Bir ülkede organ ticaretinin yaygınlaşması o ülkenin ekonomik ve siyasi istikrarsızlığı ile doğrudan alakalıdır. Bu kapsamda 20. Yüzyılda, bilhassa böbrek nakli konusunda, daha ziyade Hindistan ve Güneydoğu Asya ülkeleri ile sınırlı olan organ ticareti, 21. Yüzyıl ile birlikte ekonomik ve siyasi istikrarsızlığın pençesindeki çeşitli Latin Amerika ve Kuzey Afrika ülkelerine doğru kaymaya başlamıştır. Dünya Sağlık Örgütü’nden elde edilen verilere göre, yılda yaklaşık 5000 böbrek ve karaciğer nakli, illegal yollarla yapılmakta ve her geçen gün bu rakam daha da artmaktadır. Yazımızın konusu dâhilinde olan Somali örneğinde de görülebileceği üzere siyasi ve ekonomik istikrarsızlık, yasadışı organ ticaretini tetikleyen bir unsur konumundadır.

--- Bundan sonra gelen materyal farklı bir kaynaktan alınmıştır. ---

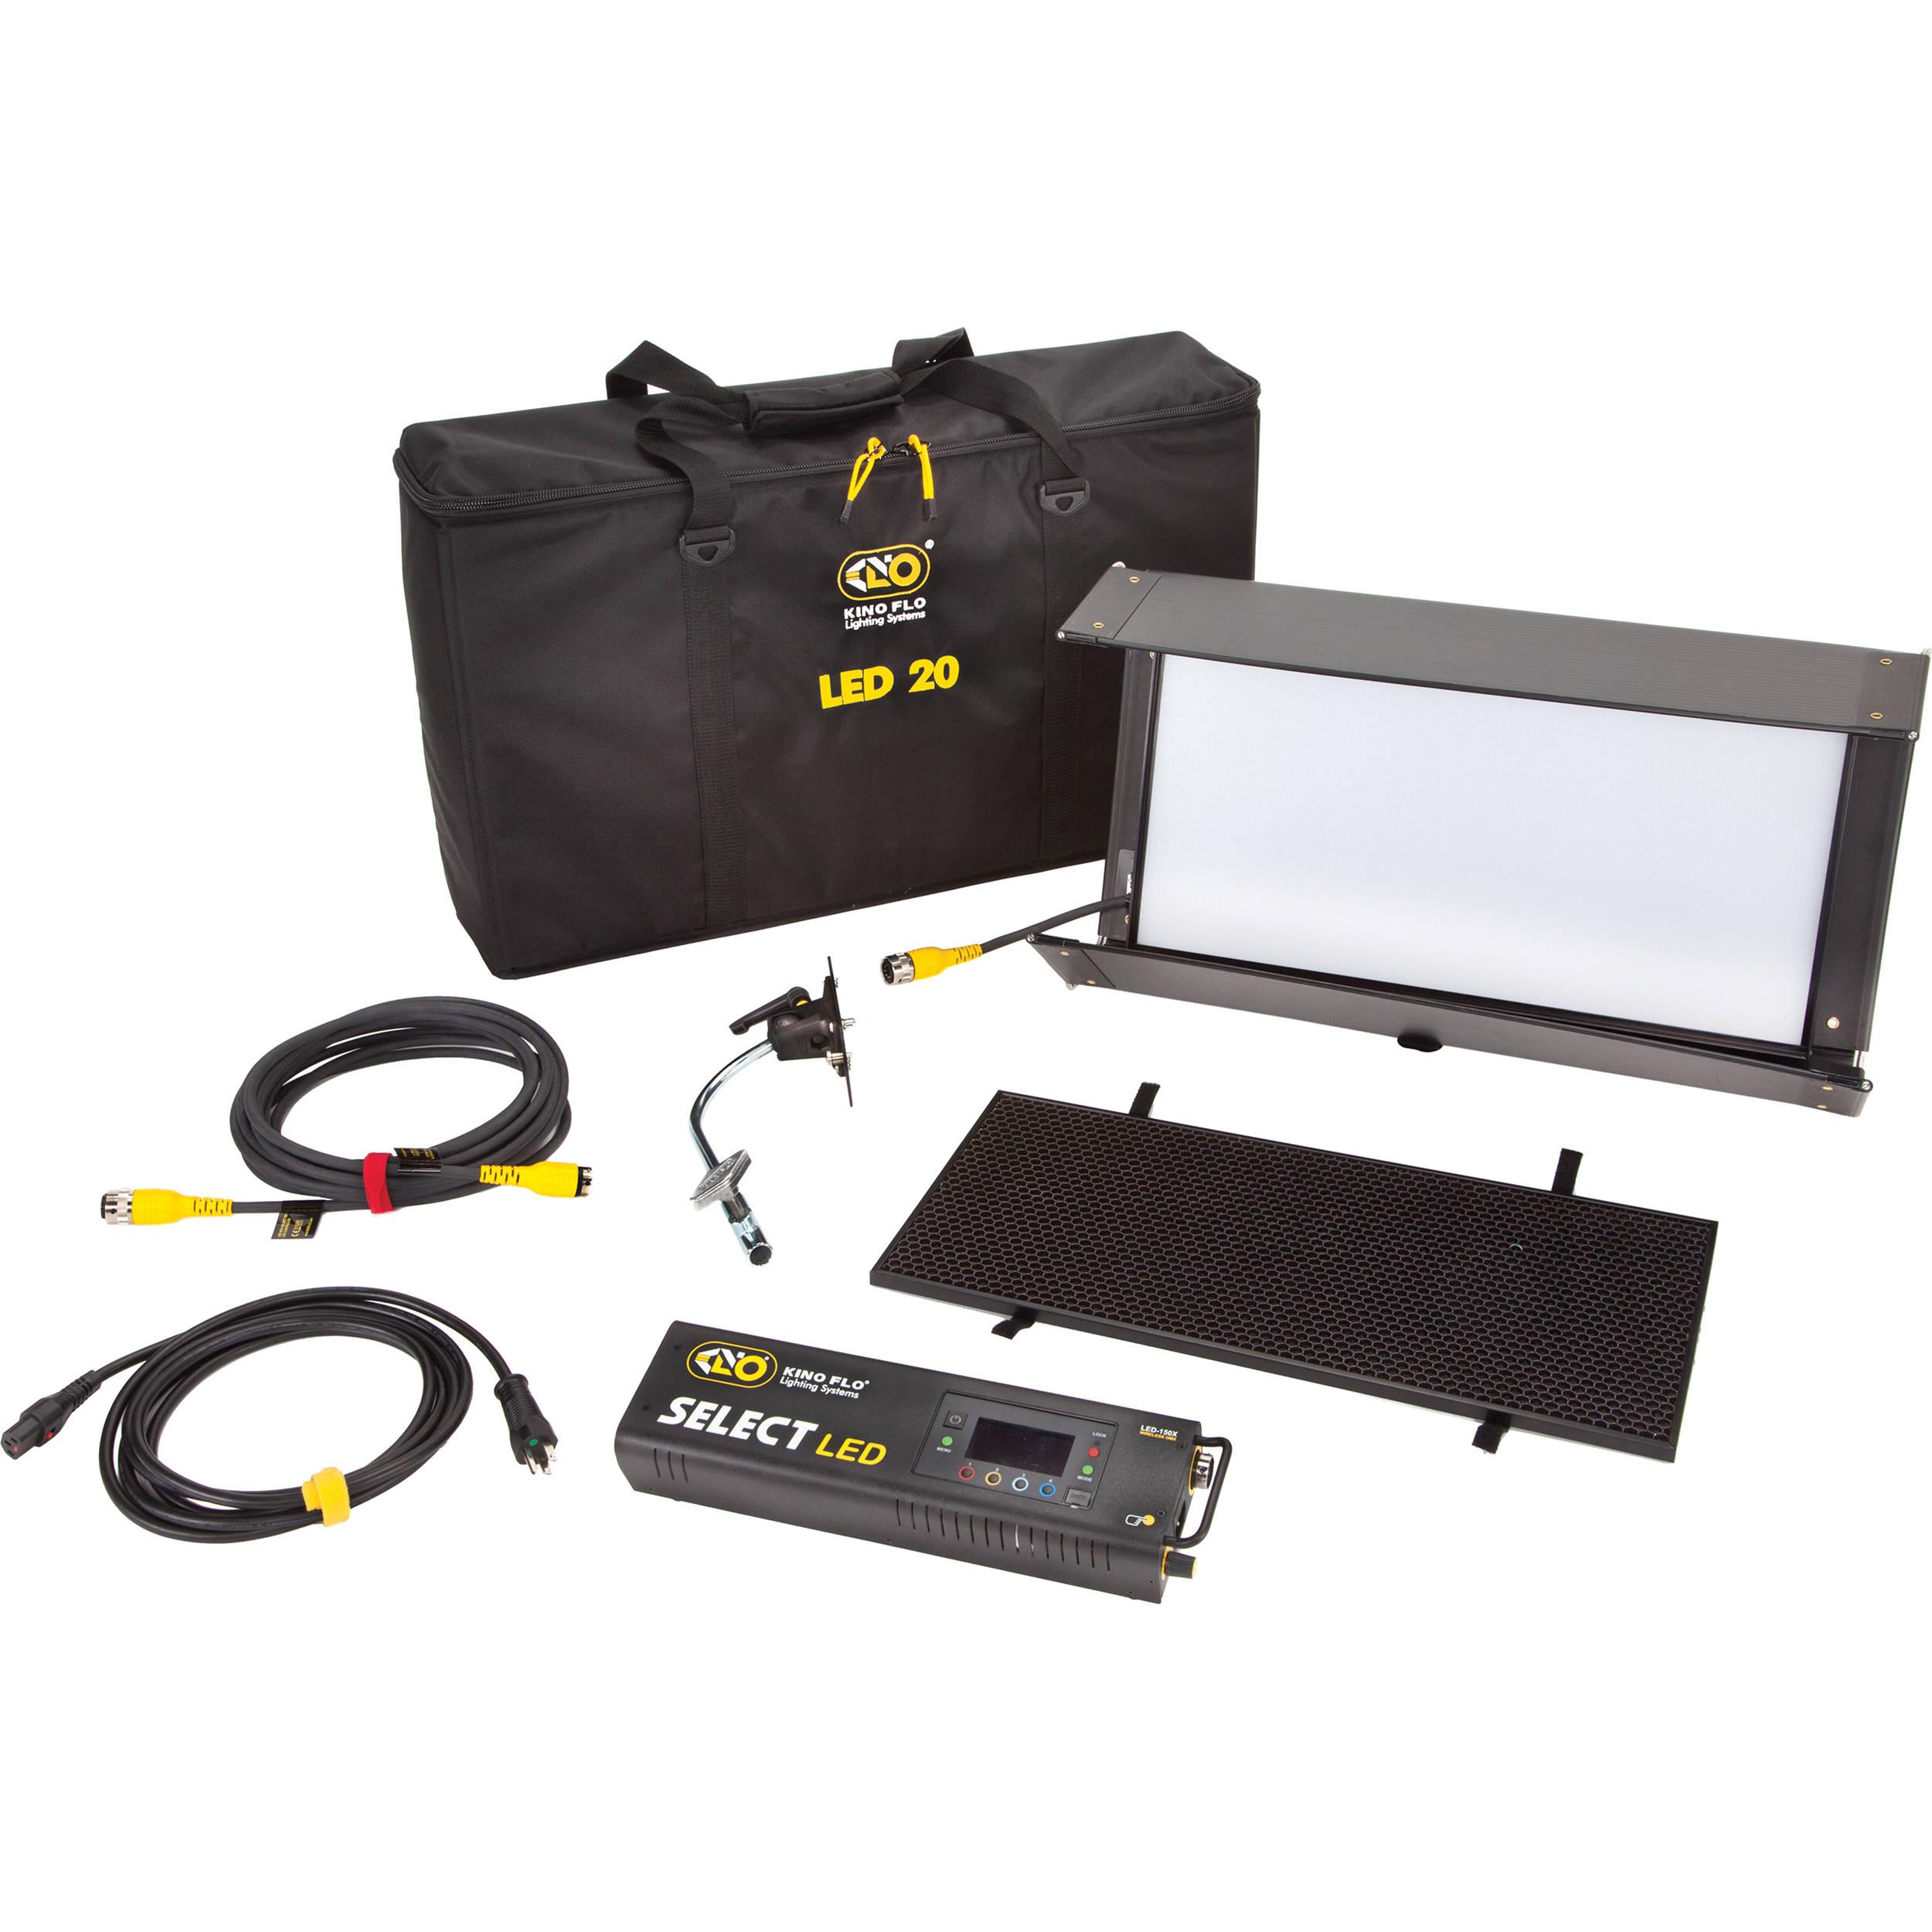 Kino Flo Select 12 DMX Kit with Soft Case

Birleşmiş Milletler çerçevesinde 12-13 Aralık 2000 tarihinde Palermo’da düzenlenen konferansta kabul edilen Palermo Protokolünde ve 2008 yılında yayınlanan İstanbul Deklarasyonunda organ kaçakçılığı ile ilgili hususlara değinilmiş, bu yasadışı eylemle başarılı bir şekilde mücadele etmek adına neler yapılabileceği irdelenmiştir. Palermo Protokolü ve İstanbul Deklarasyonu’nda, organ ticareti yasadışı bir eylem olarak nitelendirilmiş ve suç haline getirilmiştir.
Organ Ticaretinin Tarihsel ve Güncel Köşe Taşları
Hızla illegal bir sektör haline gelen organ ticareti kapsamını her geçen gün daha fazla genişletmektedir. Organ ticareti ile ilgili ilk bulgular 1980’li yıllara dayanmaktadır. Bu tarihten günümüze kadar Belçika, Avusturya, İngiltere ya da İsrail’deki birçok tıp merkezinde para karşılığında organ nakli gerçekleştirilmiştir. Söz konusu nakillerin birçoğu, ekonomik olarak zor durumdaki ülkelerin vatandaşlarından alınan organlar neticesinde gerçekleştirilmiştir. Organ ticaretinin her geçen gün daha kapsamlı bir endüstriye dönüşmesi üzerine, 2000 yılında yayınlanan Palermo Protokolü ve 2008 yılında ilan edilen İstanbul Deklarasyonu’na ek olarak, Avrupa Parlamentosu organ ticaretini engellemeye yönelik çabalarını derinleştirdi. Ayrıca antropolojist Nancy-Scheper-Hughes tarafından organ ticareti ile ilgili farkındalık yaratmak ve bu ticareti önlemek amacıyla “Organ Watch” adlı örgüt kuruldu.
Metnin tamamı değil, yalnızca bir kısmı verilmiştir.